Exercise data:
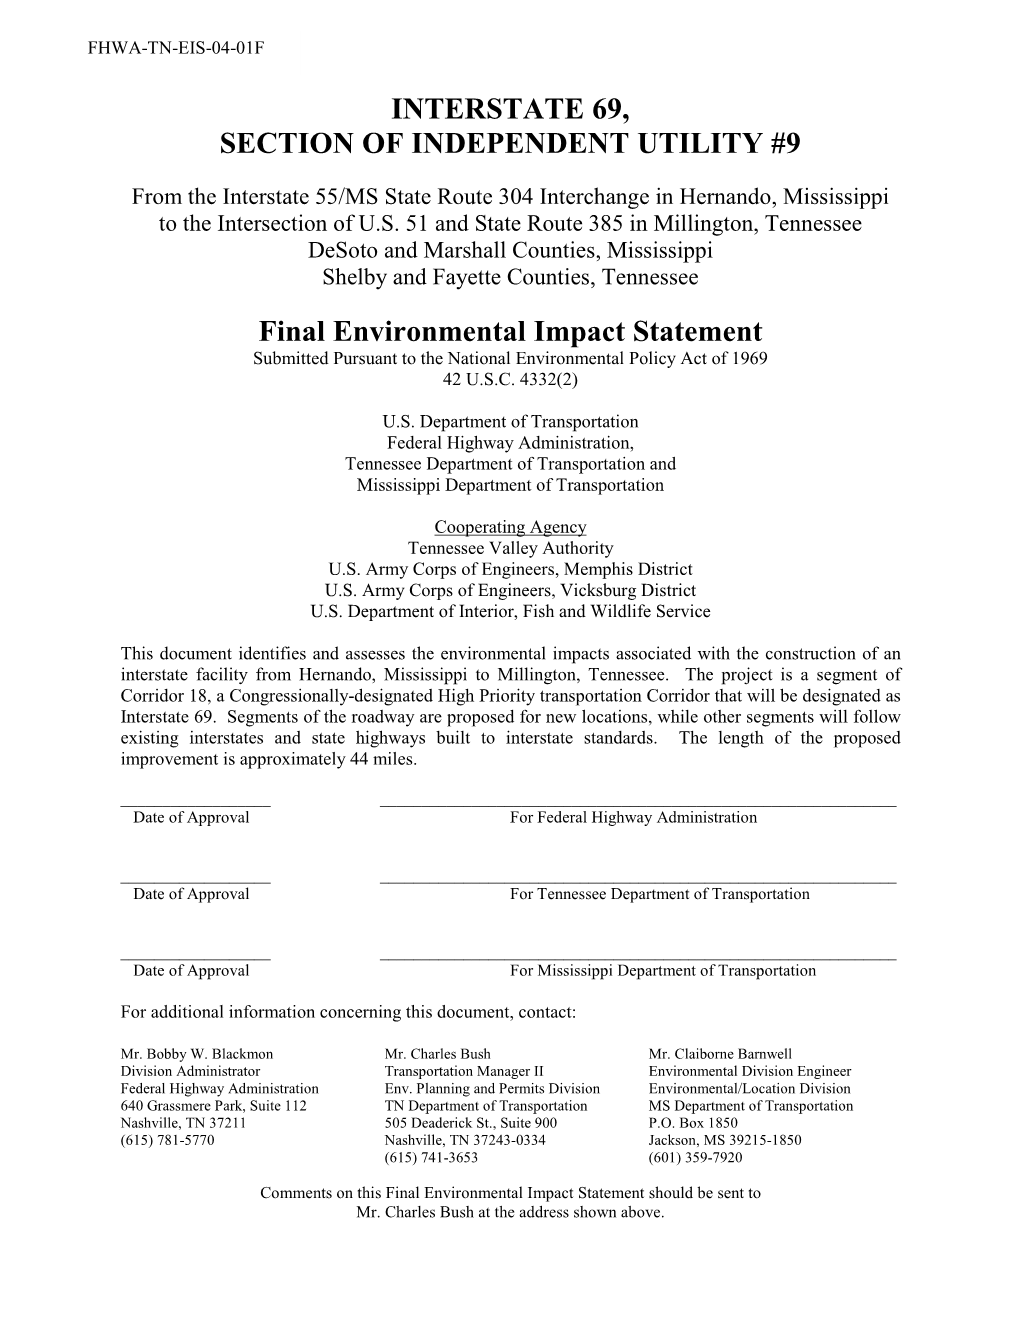 I-69 Final Eis Document 6-28-06
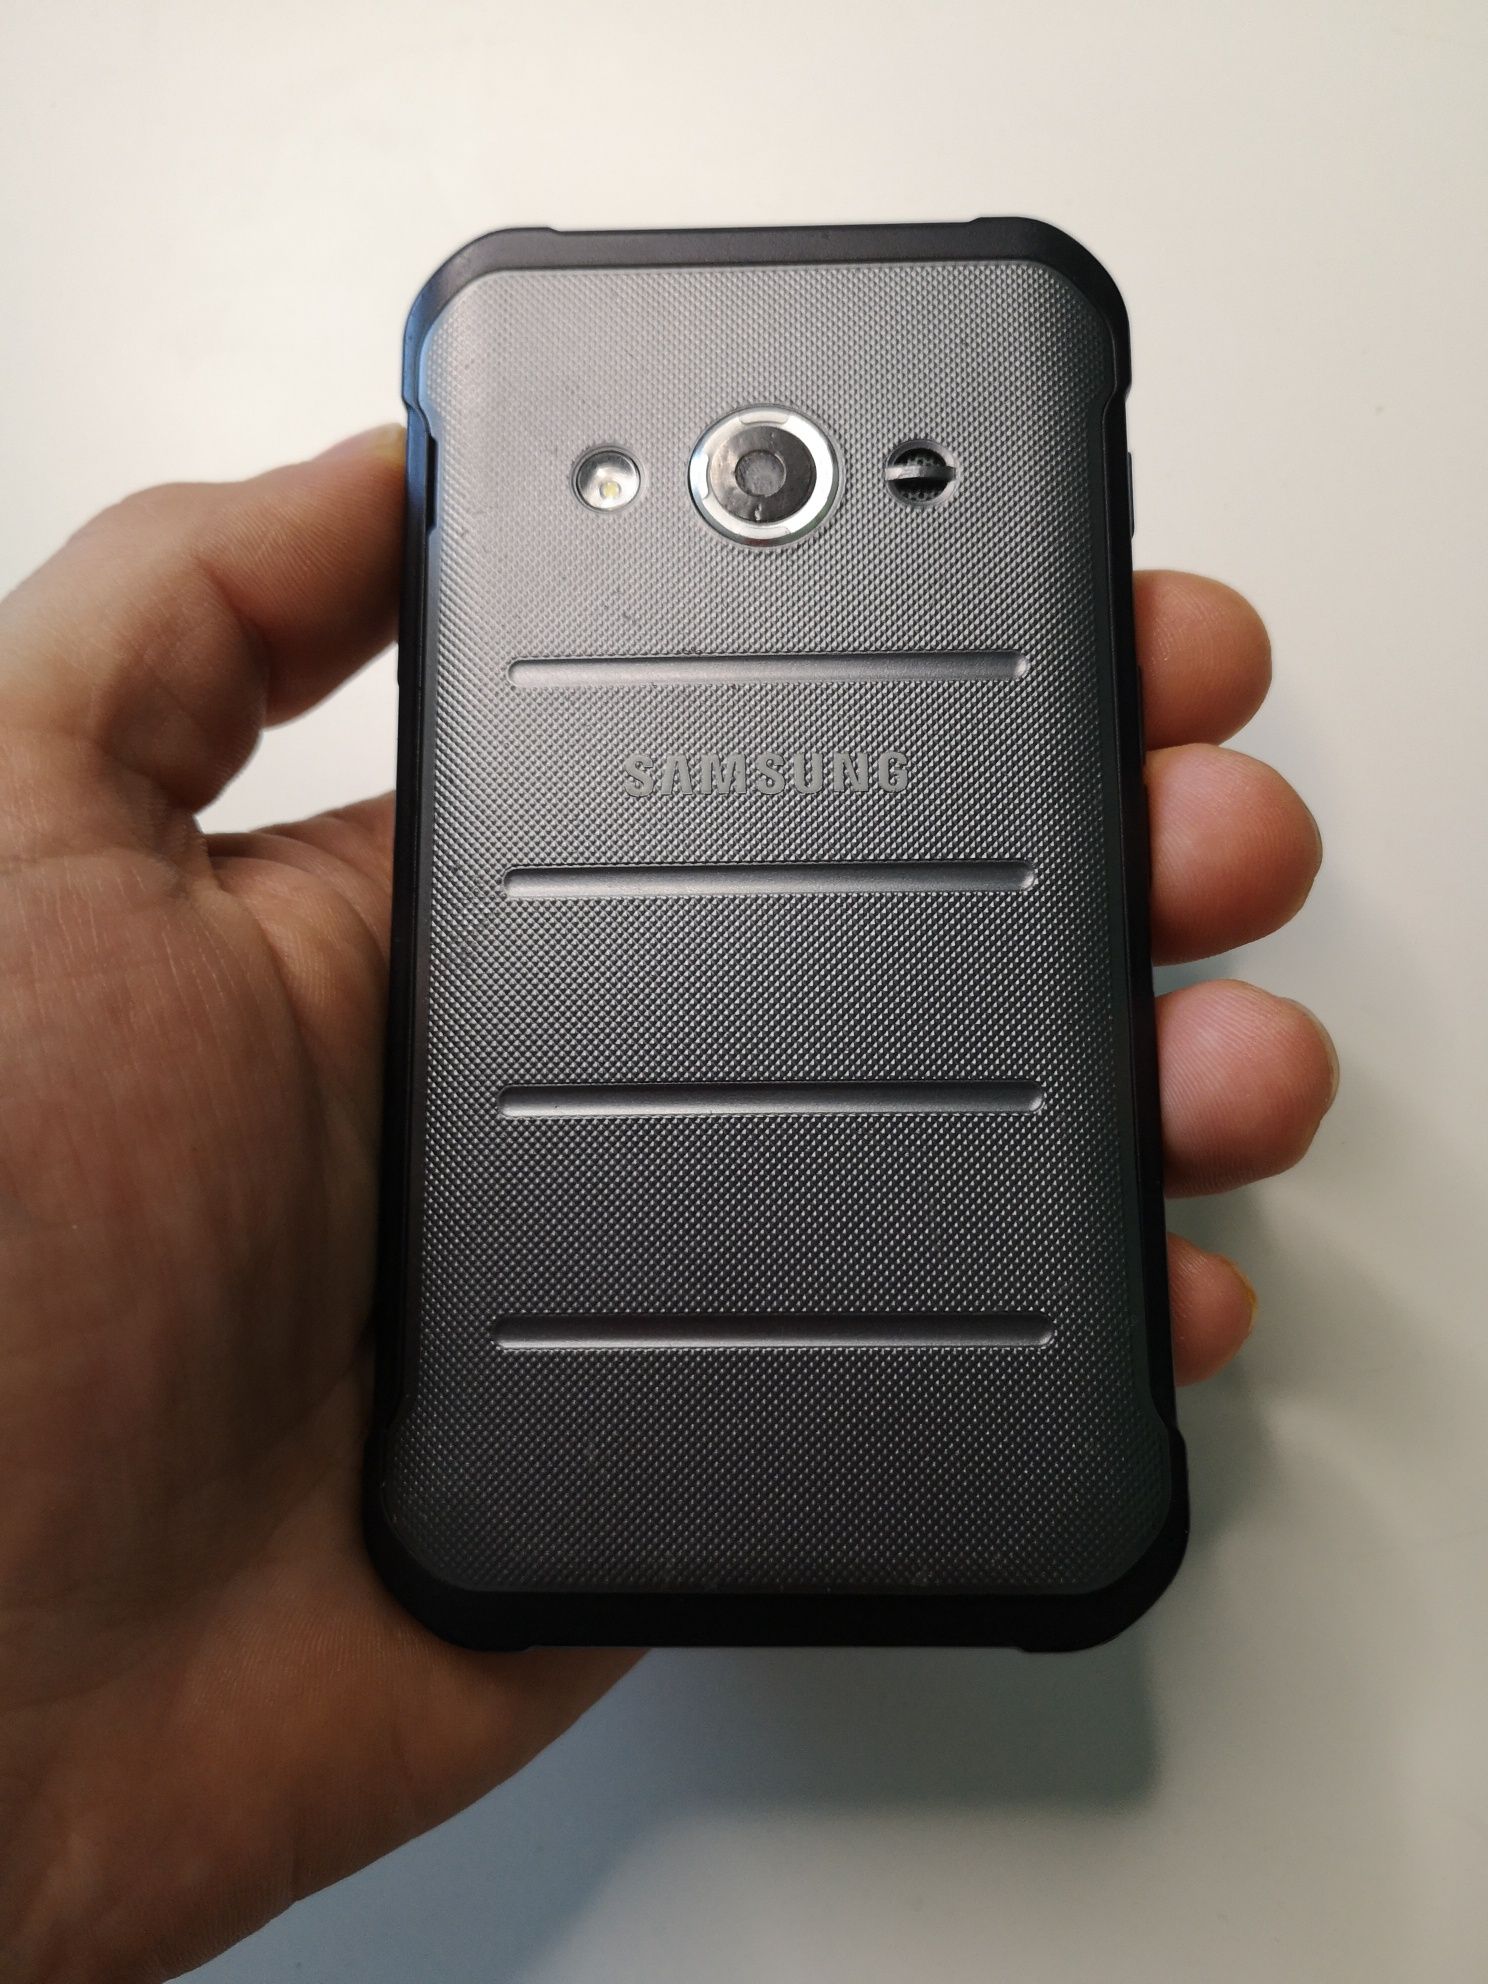 Захищений Samsung Galaxy Xcover 3 Самсунг гелегсі
Samsung
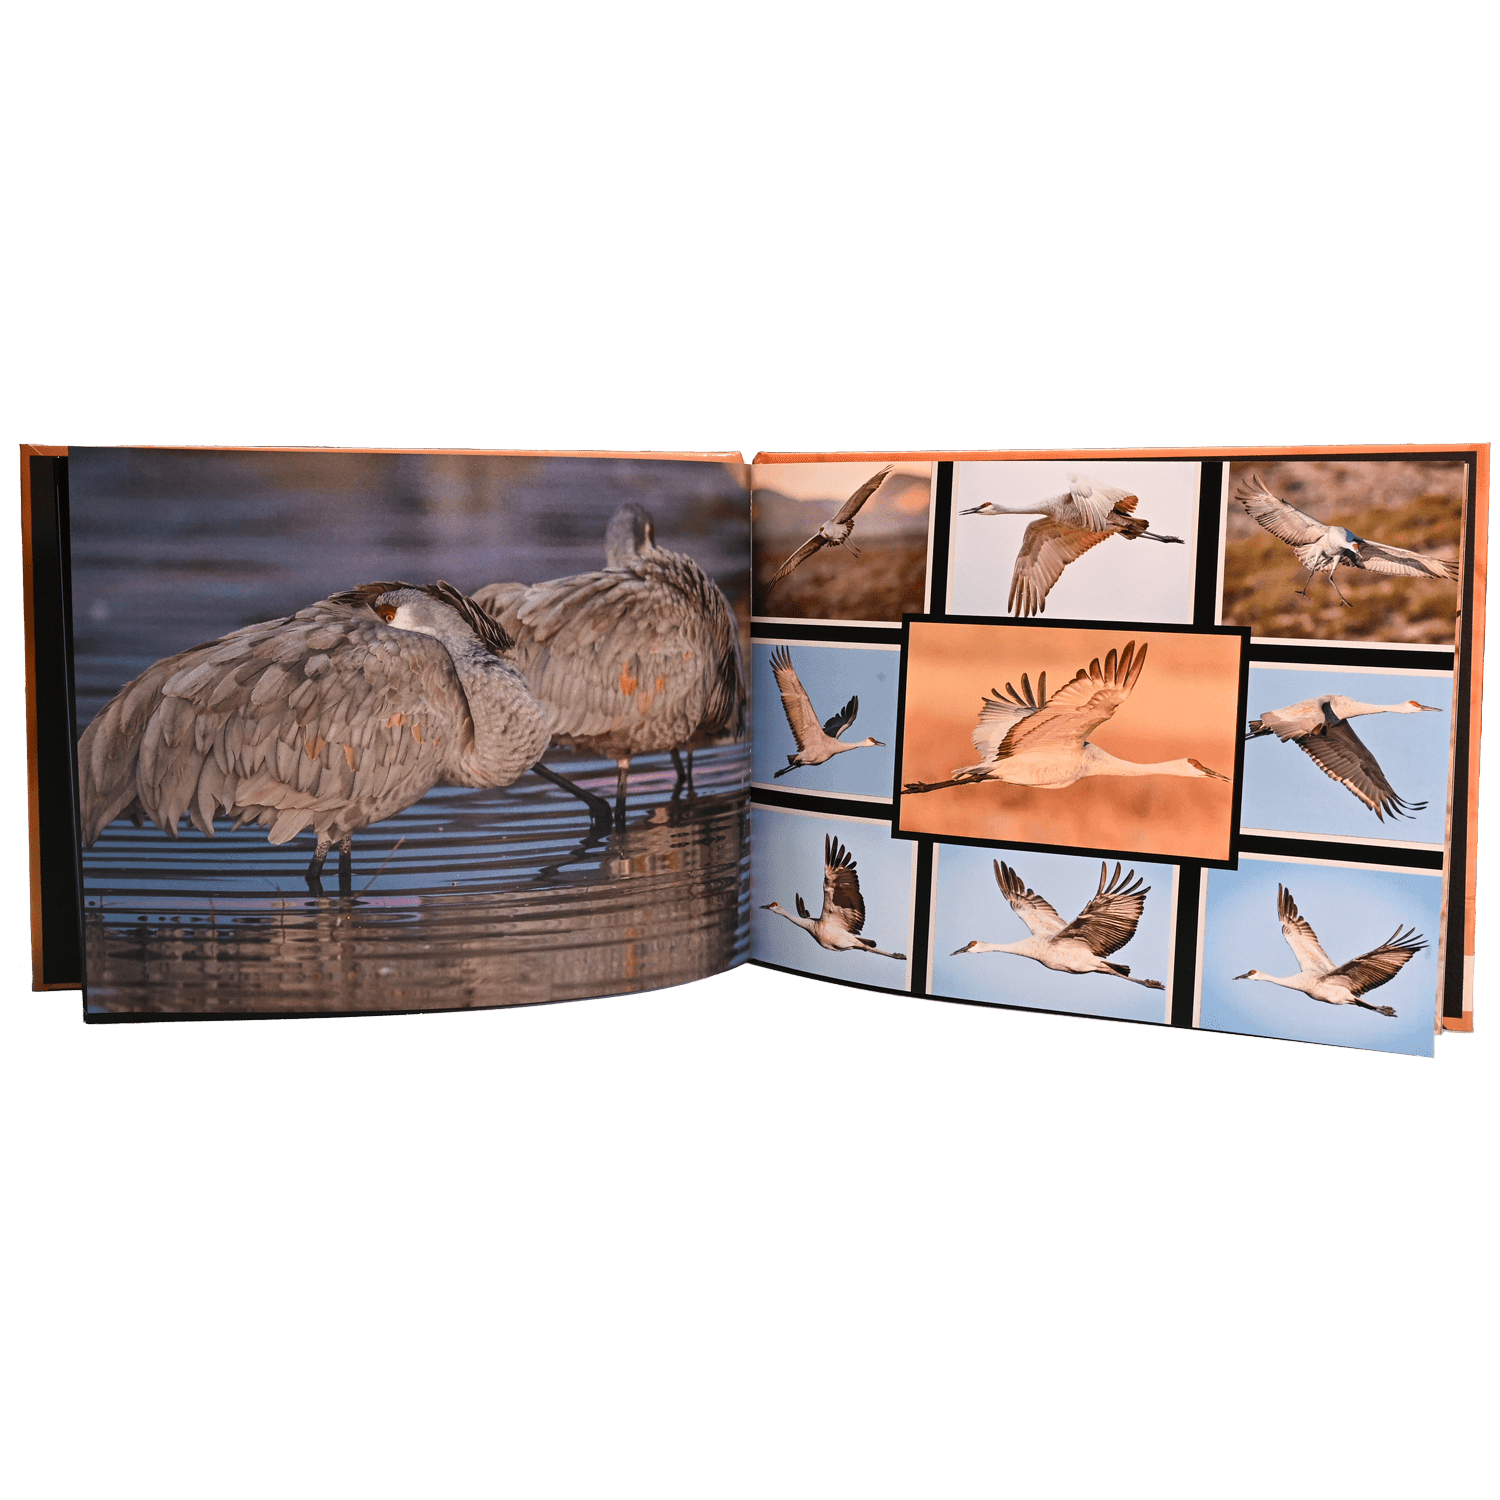 Sandhill Crane Reference Book - Images by Dan Verrips - Matuska Taxidermy Supply Company

Brief: Copy the listing above in full and exactly, but omit each picture that it holds.

Answer area:
 I-69 Final Eis Document 6-28-06
 Захищений Samsung Galaxy Xcover 3 Самсунг гелегсі
Samsung
 Sandhill Crane Reference Book - Images by Dan Verrips - Matuska Taxidermy Supply Company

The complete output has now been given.